One of the most important protections is found in Section 12. If a federal employee seeks or receives any temporary relief under this Act—like pausing a mortgage payment or deferring a student loan—that action cannot be used against them later. Creditors cannot deny them credit, change the terms of an existing loan, or deny an insurance policy just because they needed this shutdown protection. This prevents a temporary financial crisis from causing long-term credit damage.
While this bill is a massive win for federal workers, it shifts the burden onto creditors, landlords, and lenders, forcing them to absorb the temporary financial risk caused by a government shutdown. If a landlord is relying on timely rent to pay their own mortgage, they are now legally required to wait, potentially creating a domino effect. The bill attempts to balance this by allowing courts to award fair compensation to landlords or adjust loan terms, but the immediate financial pressure is placed squarely on private entities.

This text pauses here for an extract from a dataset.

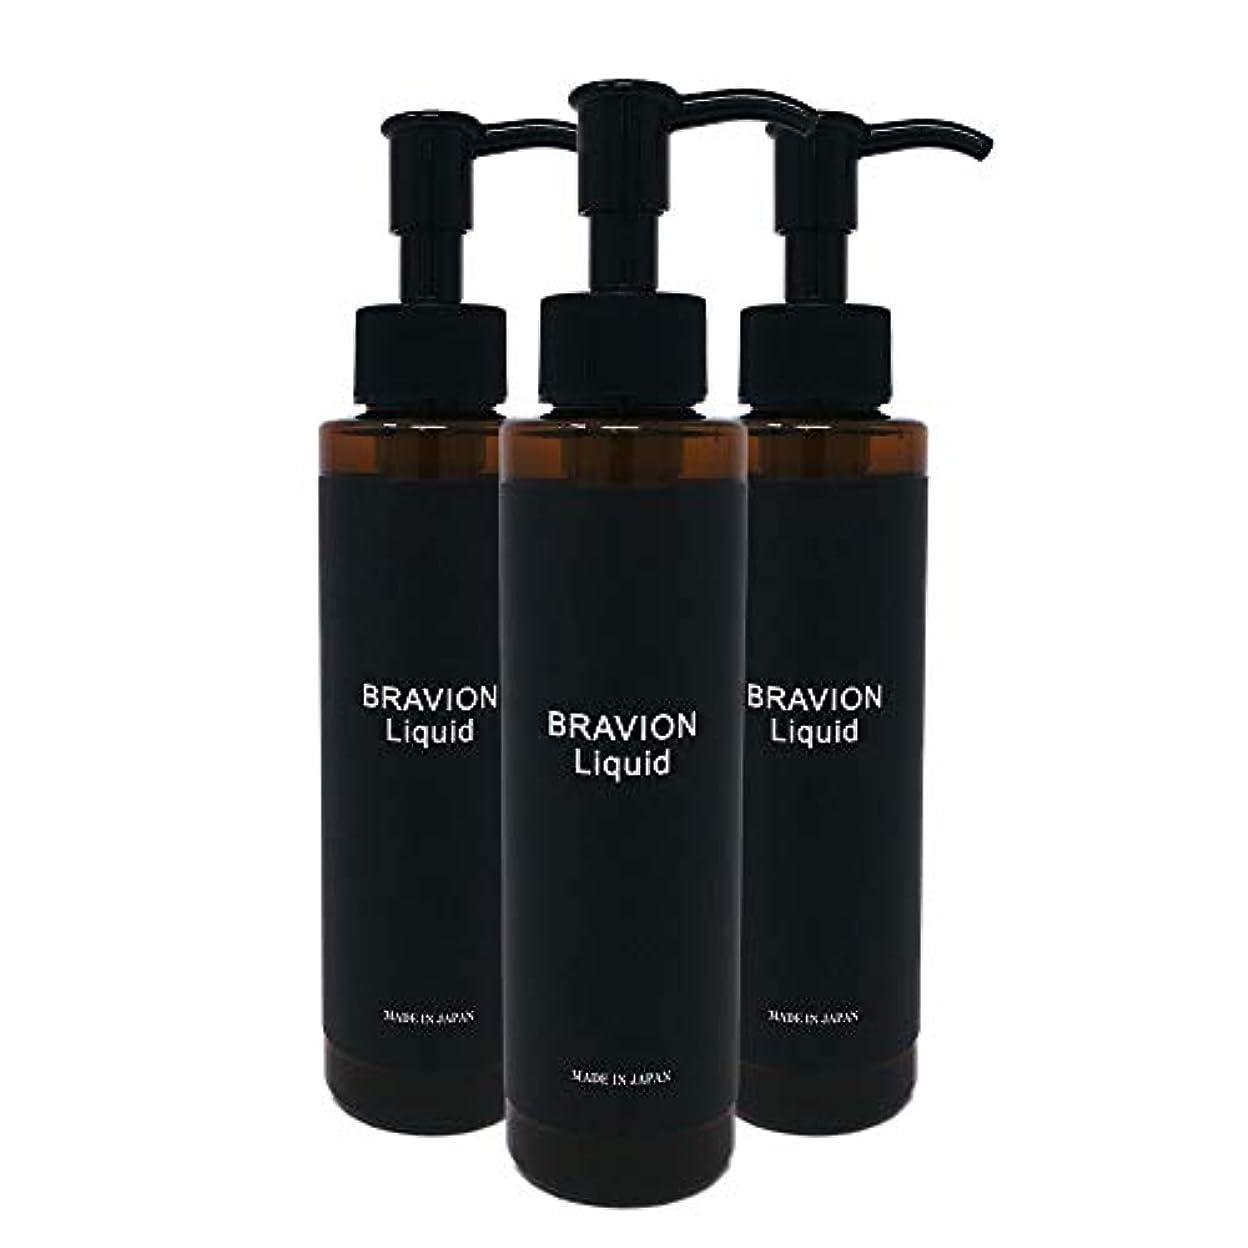 安全でない評価可能保持するBRAVION Liquid (ブラビオンリキッド) 公式通販_150mg 3本セット

Finally, the Act has teeth: anyone who knowingly violates these protections—for instance, a lender who forecloses without court approval or a landlord who attempts an illegal eviction—is committing a misdemeanor and could face fines of up to $110,000 for repeat offenses, or up to a year in prison (Sec. 6, Sec. 7, Sec. 13). This provides strong recourse for federal workers who are wronged while the government gets its act together.